Кошачий дом находится отдельно, это частный дом в центре Махачкалы с большим участком — выходит где-то 15 тысяч рублей в месяц, включая ЖКХ. Повезло с хозяйкой — она знает про приют и благоволит ему. Таких благоволителей, признается Оля, в Махачкале довольно много, но мало кто «идет до конца». «Люди не выдерживают постоянно помогать животным, спасать их», — добавляет она. Долговечных помощников у Аси и Оли нет — приходится все делать  самим, и как на полноценной работе.

В отличие от хасавюртовского приюта, здесь собак никуда не выпускают — только если в чьи-то руки. А берут их неохотно — характер у большинства уже сформирован, не каждый готов завести такого пса.

В Махачкале помощникам приюта также приходится скрываться от лишнего внимания и даже лишний раз «не палить» его местонахождение, иногда люди подбрасывают собак прямо ко входу. В окрестностях отношение негативное, жители считают, что все собаки в округе — приютские, и жалуются на вонь, несмотря на то, что вокруг мусорная свалка. «На Луну пойдешь, и тебе скажут: “По Луне бегает собака, нам мешает!”» — шутит Оля.
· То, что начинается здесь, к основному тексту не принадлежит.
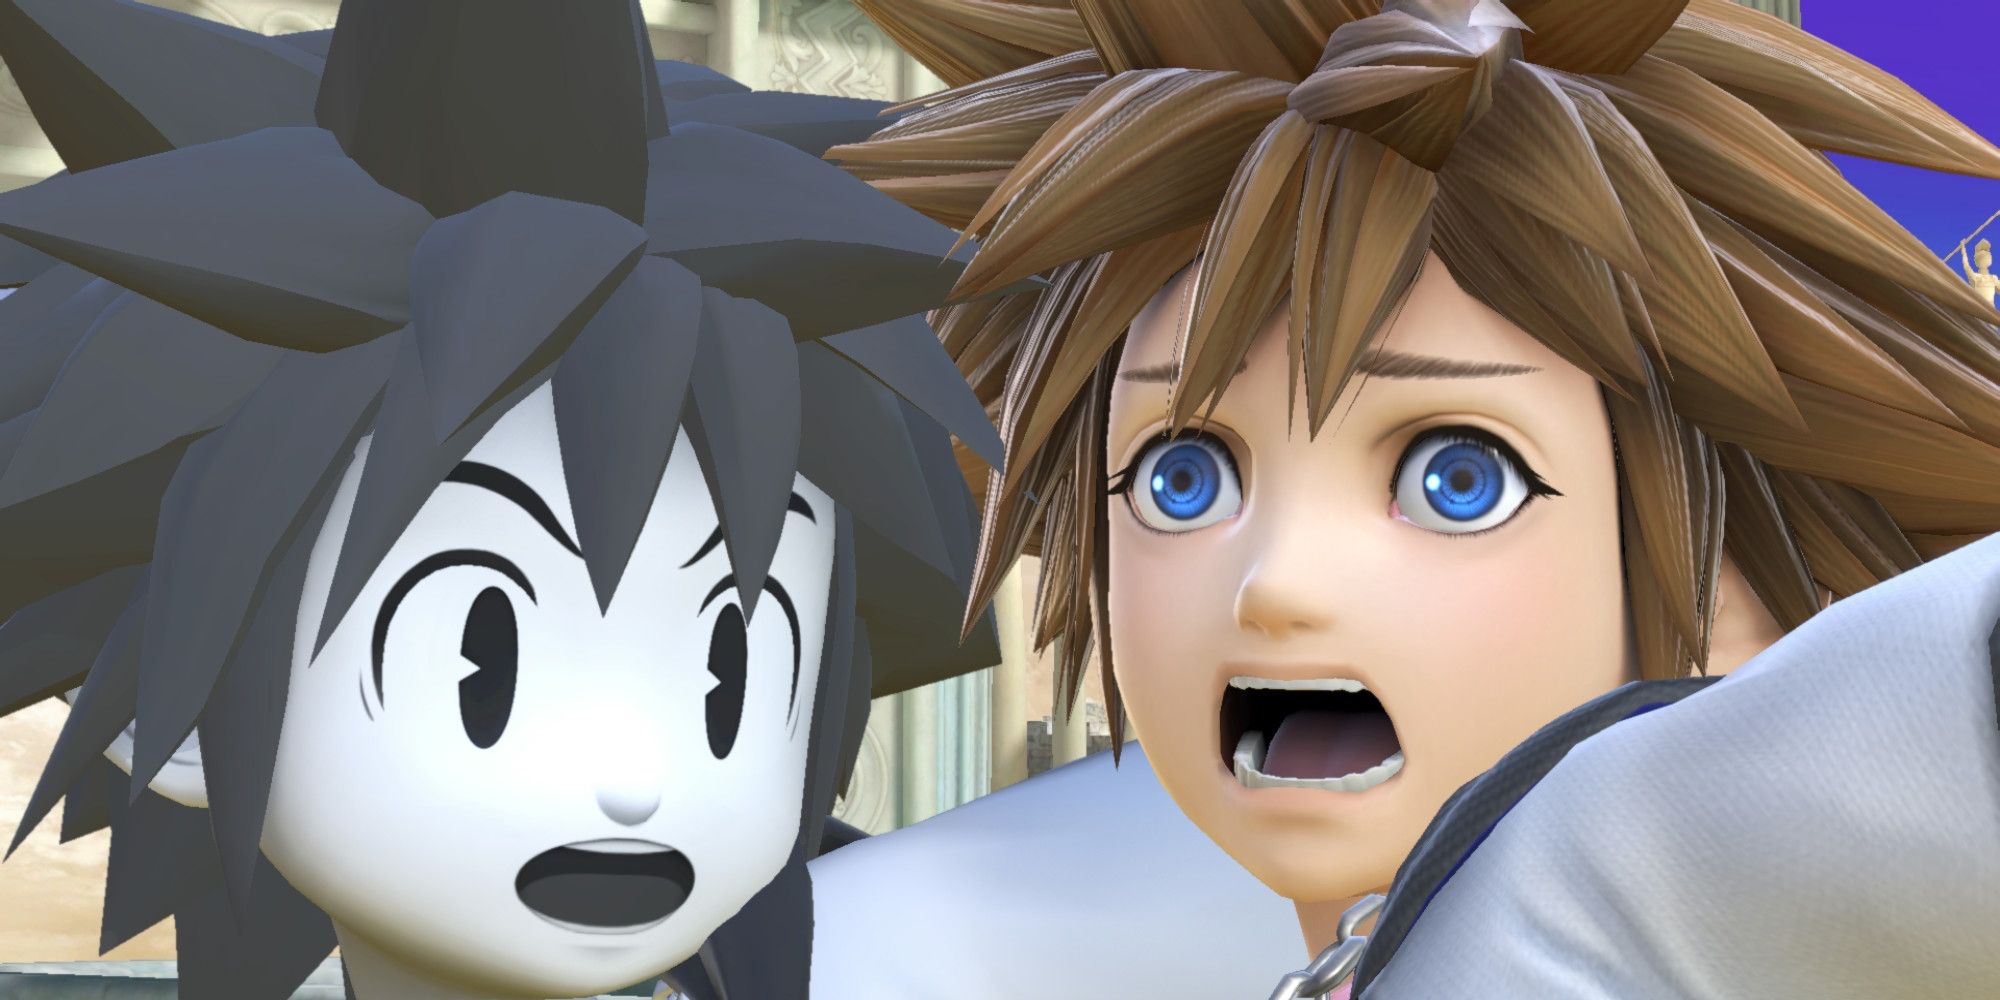 sora-looks-unlikely-to-get-his-own-amiibo

Когда в 2017 году начался отстрел собак, Ася и Оля ходили ко всем местным чиновникам и ругались с ними. Те отнекивались: «Не мы же это делаем, значит, это не дело администрации». После постройки муниципального приюта говорили: «Ну что вы еще от нас хотите?» До его постройки миллионные тендеры на отлов собак выигрывало ООО, которое занимается выращиванием однолетних культур, а сейчас восемь миллионов 64 тысячи рублей получил уже муниципальный приют. При этом в госприюте меньше вольеров, нет должной карантинной зоны и нет нормального туалета, говорит Оля.

«Вот эти все собаки, грубо говоря, выжившие в той бойне», — Оля обводит рукой приют. Живой пример — Стрелка. У нее не хватает половины морды: перестреляли всех ее щенят, а ей попали в нос, приюту удалось спасти ей жизнь. Таких собак в те дни в Zoolife поступало от пяти до 10, вспоминает Оля. «Мы разрывались. Мы не спали ночами, принимали их и в два, и в три, и в четыре утра»,— добавляет она.

Дагестанский песФото: Дмитрий Сидоров

Сейчас хозяйки уже на автомате помнят, какого числа у какого пса какая операция. «Дура! Дура! Дура!» — ласково похлопывает Ася сопротивляющуюся лечению дворнягу. Фотографируется без маски: «И так меня узнают. Я бы хотела, конечно, чтоб не узнавали. Но даже по голосу узнают».

Мы готовим последний штрих поездки: оставляем на постерах «ДагДогТура» автографы самих дагдогов  — рисунки следами их лап. «Бывает, приходишь в паспортный стол и тебя там мучают: “Что у тебя за роспись такая?” А вот такая вот у меня роспись!» — комментирует Денис. Ему предстоит долгая, но уже не такая, как сюда, дорога назад.

На обратном пути «Газель смерти» узнали и вновь остановили тамбовские ДПСники — чтобы поблагодарить, сообщить, что щенята уже все съели, и попросить еще корма.

В следующий раз надо будет взять больше.